Beyond subculture chronicles, the essays examine celebrity, social manners, and the interplay between authenticity and performance. Wolfe draws out how elites and outsiders alike curate themselves, whether on a Manhattan social scene or within a regional milieu. He juxtaposes the glamorous and the grotesque without condescension, making clear how social codes are both made and observed, imitated and parodied.
Style and Voice
Wolfe's prose in this collection is loud, observant, and mischievously theatrical. Sentences swell with lists, onomatopoeic bursts, and exclamations; rhythms accelerate into long, rollicking paragraphs. He borrows techniques from fiction , scene-setting, dialogue, ironic asides , while maintaining a reporter's attention to factual detail. The result is writing that feels immediate and cinematic, a kind of documentary exuberance that insists on being seen and heard.

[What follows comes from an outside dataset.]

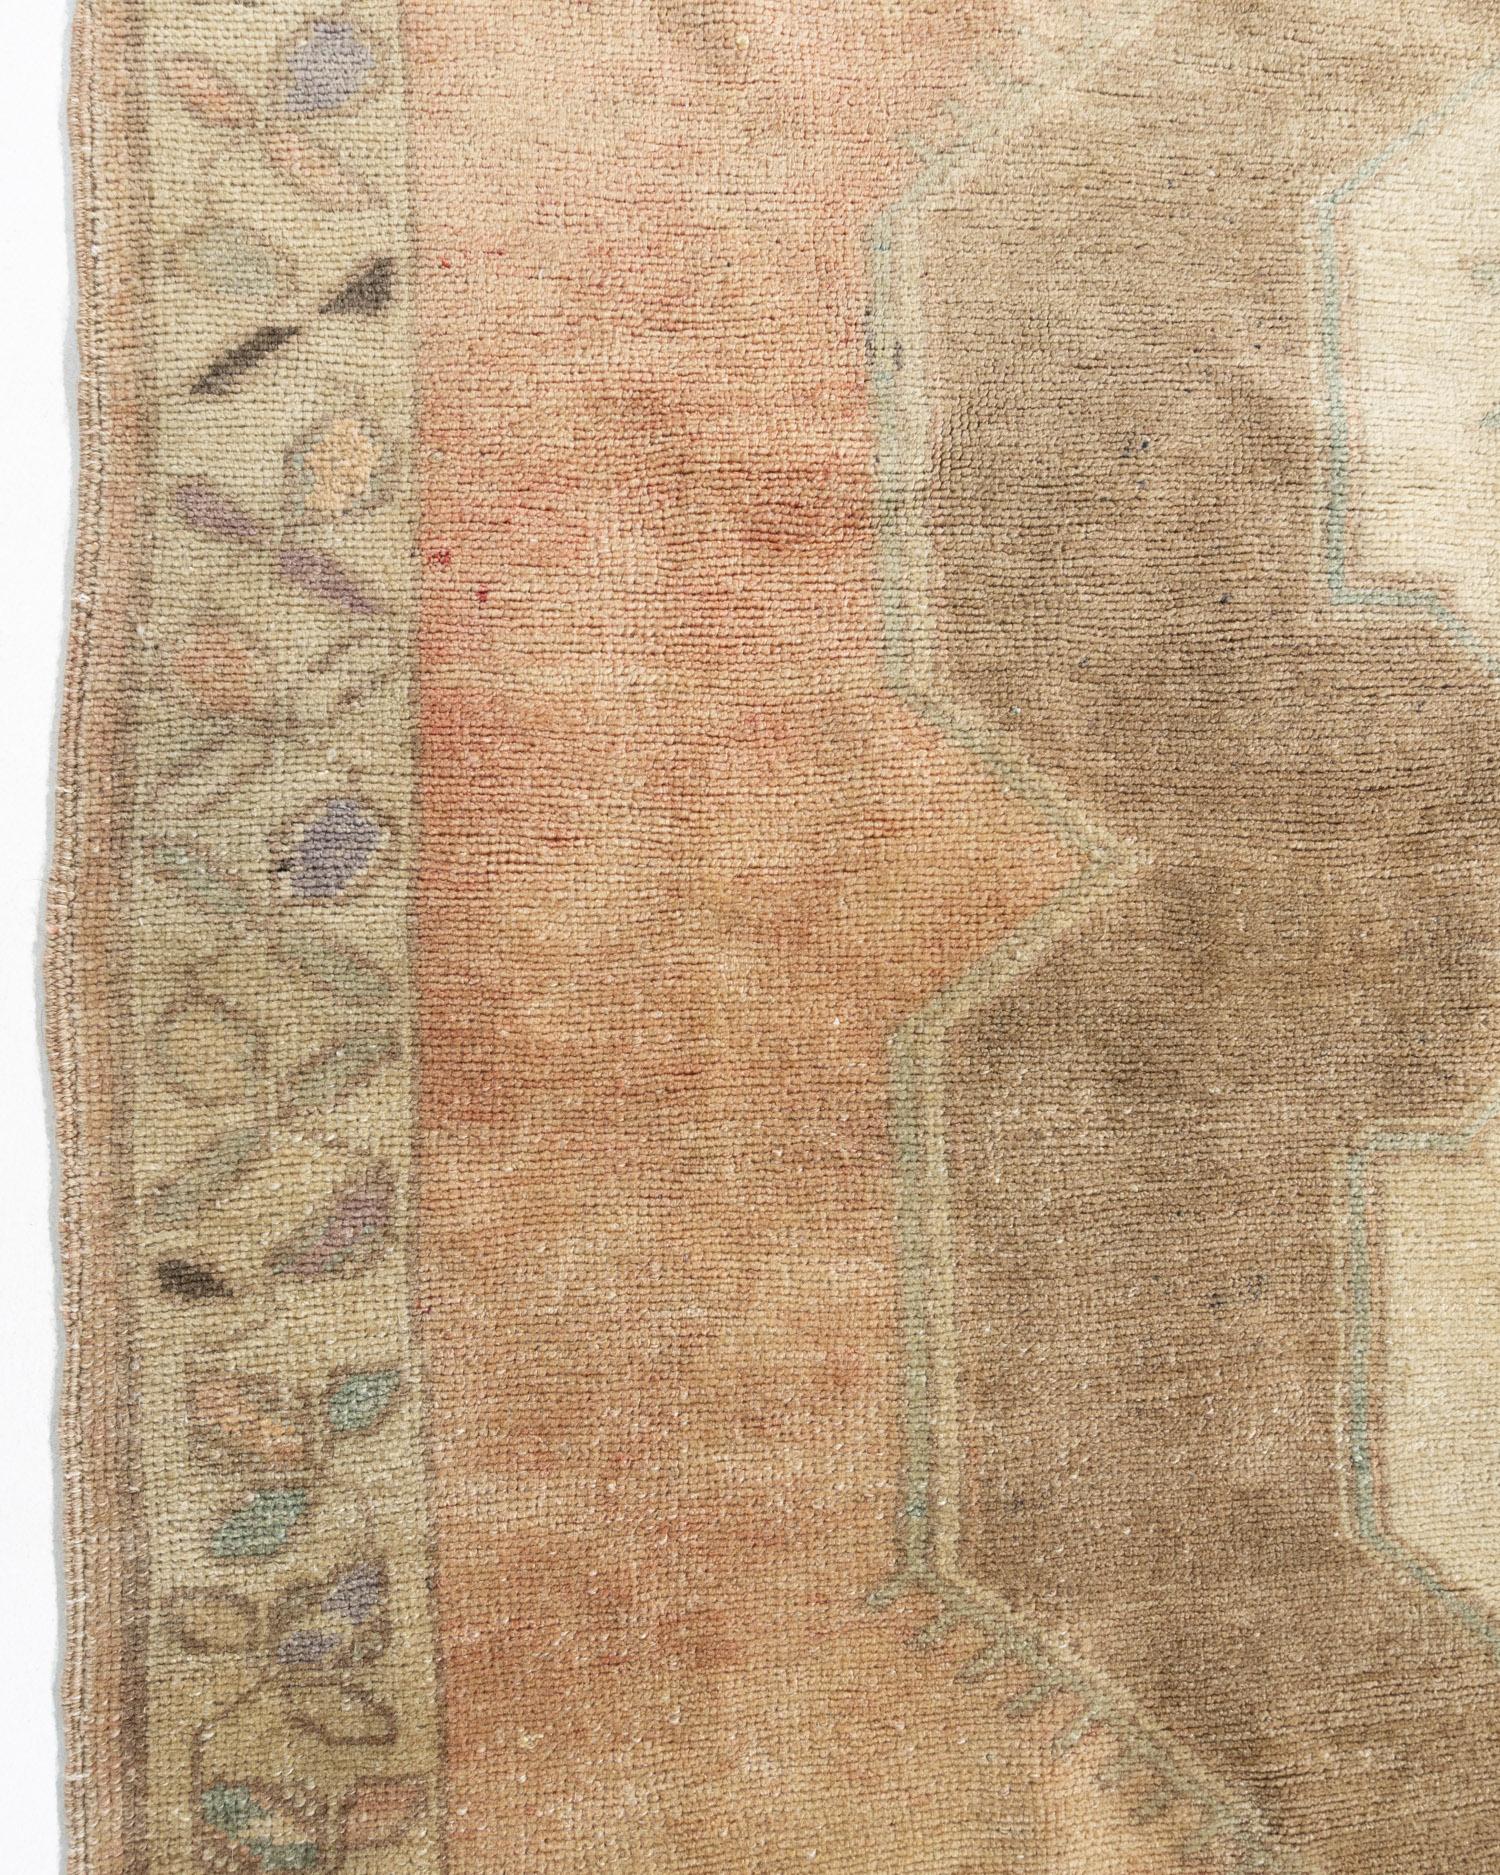 Vintage Tan Turkish Oushak Area Rug, 5'1 X 9'5. Oushak's are known for their soft palettes combined with eccentric drawing. Oushak in western Turkey has the longest continuous rug weaving history, stretching back at least to the mid-fifteenth

His voice mixes satirical distance with palpable affection, allowing characters and scenes to be rendered with specificity rather than stereotype. Wolfe's characteristic flourishes , theatrical caps, mimetic noises, and playful coinages , are tools for immersion: they recreate the sensory overload of the environments he covers and insist that cultural phenomena be read aloud as well as read about.
Impact and Legacy
The collection helped define the New Journalism movement by demonstrating how literary techniques could be combined with traditional reporting to produce accounts that were both informative and artistically ambitious. Wolfe's audacious style polarized critics and readers alike but undeniably expanded what magazine prose could do. Younger journalists and writers took up his example, experimenting with voice, form, and the ethical edges of immersive reportage.
Decades on, the essays remain instructive for anyone interested in social observation, style, and the theatricality of American life. The Kandy-Kolored Tangerine-Flake Streamline Baby endures as a vivid time capsule of the 1960s and as a model of how journalism can entertain without surrendering its descriptive rigor.
The Kandy-Kolored Tangerine-Flake Streamline Baby collects Tom Wolfe's early magazine essays and reportage from the early 1960s that announced a new voice in American journalism. The pieces turned reportage into a kind of high-energy social theater, chronicling the odd, theatrical, and often overlooked corners of contemporary life. The title essay , a paean to custom-car culture , became emblematic of Wolfe's ability to treat subcultures with both affectionate curiosity and gleeful irony.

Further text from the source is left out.